Atopic dermatitis (AD) is caused by multiple factors that trigger chronic skin inflammation, including a defective skin barrier, immune cell activation, and microbial exposure. Although melatonin has an excellent biosafety profile and a potential to treat AD, there is limited clinical evidence from controlled trials that support the use of melatonin as an AD treatment. The delivery of melatonin via the transdermal delivery system is also a challenge in designing melatonin-based AD treatments.
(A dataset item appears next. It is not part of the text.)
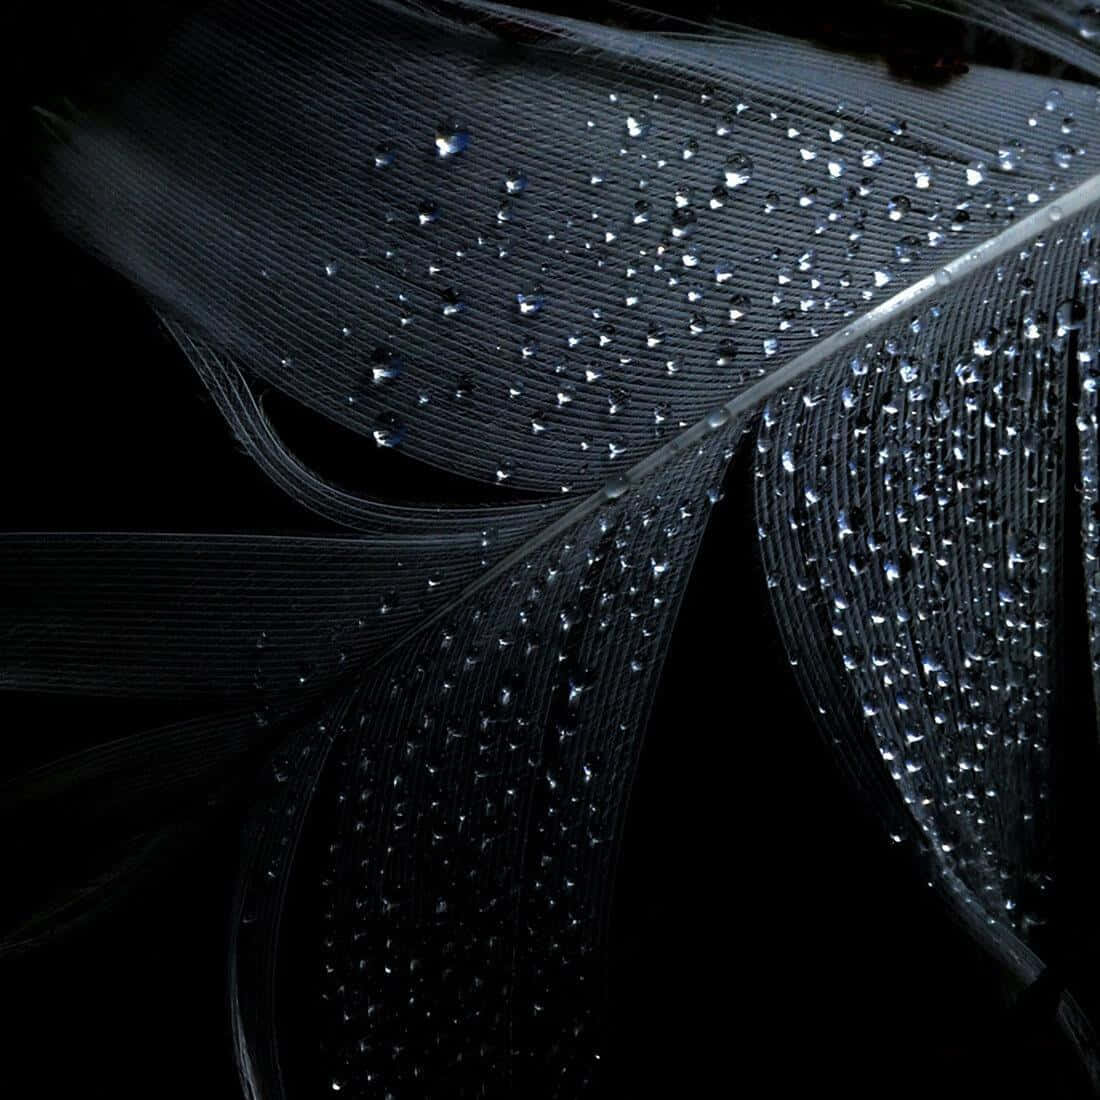 A Black Feather With Water Droplets On It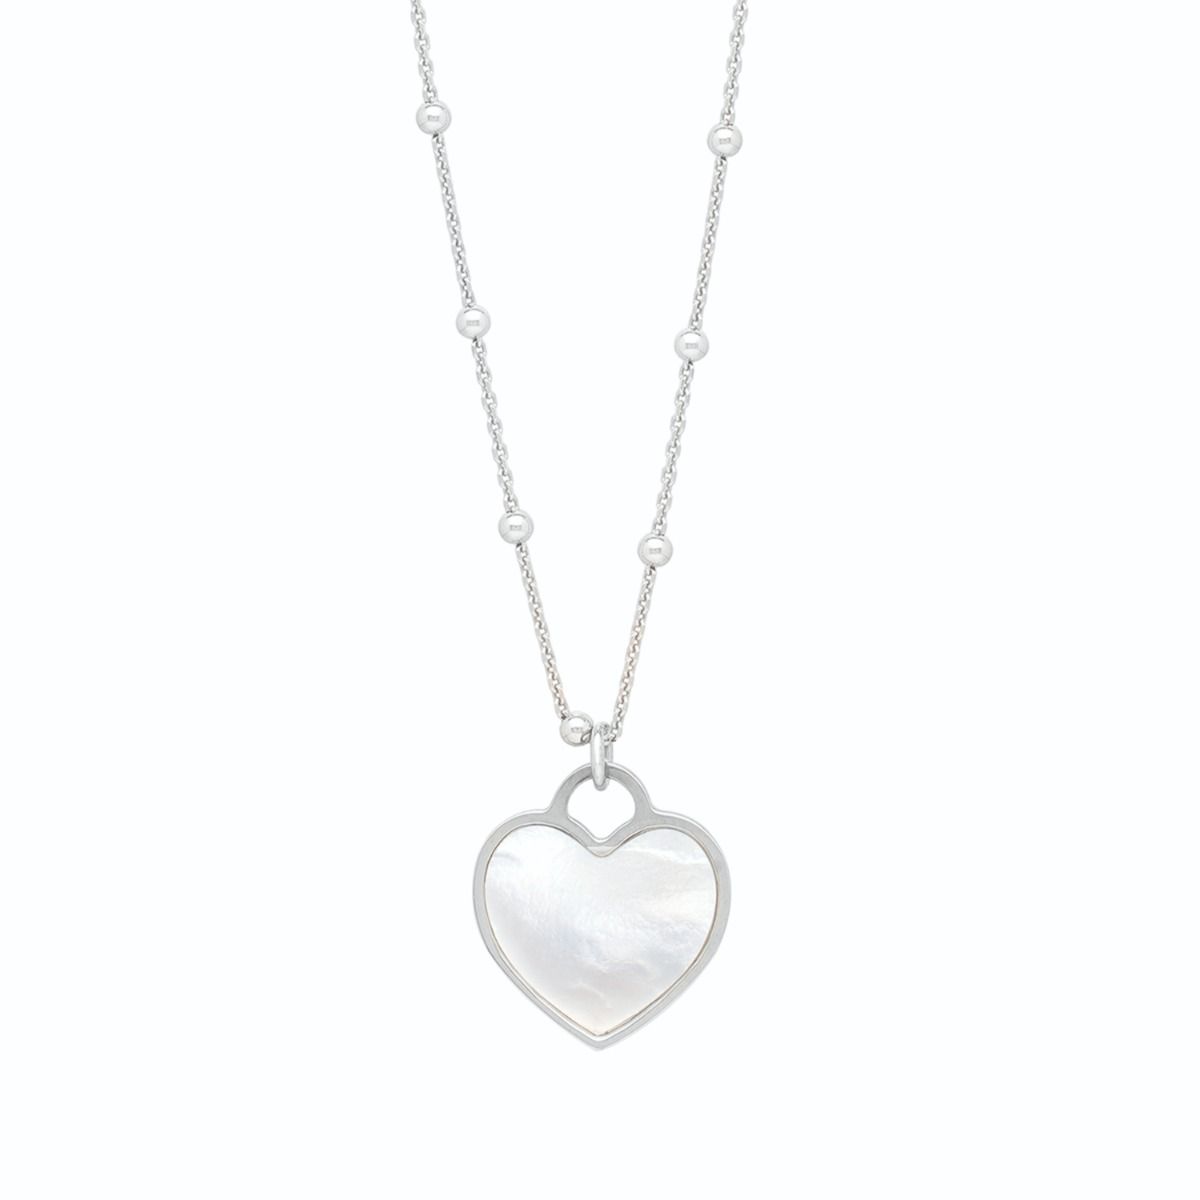 agc17208-18 Silver & Mother of Pearl Heart Pendant | Royal Chain Group

In this study, we generated melatonin-loaded extracellular vesicle-mimetic nanoparticles (MelaNVs) to improve the transdermal delivery of melatonin and to evaluate their therapeutic potential in AD. The MelaNVs were spherical nanoparticles with an average size of 100 nm, which is the optimal size for the transdermal delivery of drugs. MelaNVs showed anti-inflammatory effects by suppressing the release of TNF-α and β-hexosaminidase in LPS-treated RAW264.7 cells and compound 48/80-treated RBL-2H3 cells, respectively. MelaNVs showed a superior suppressive effect compared to an equivalent concentration of free melatonin. Treating a 2,4-dinitrofluorobenzene (DNCB)-induced AD-like mouse model with MelaNVs improved AD by suppressing local inflammation, mast cell infiltration, and fibrosis. In addition, MelaNVs effectively suppressed serum IgE levels and regulated serum IFN-γ and IL-4 levels. Taken together, these results suggest that MelaNVs are novel and efficient transdermal delivery systems of melatonin and that MelaNVs can be used as a treatment to improve AD.

Highlights

  • The precise pathogenesis of Atopic dermatitis (AD) has yet to be fully elucidated, a defective skin barrier, immune cell activation, and environmental factors are known to be involved in the progression of AD [37]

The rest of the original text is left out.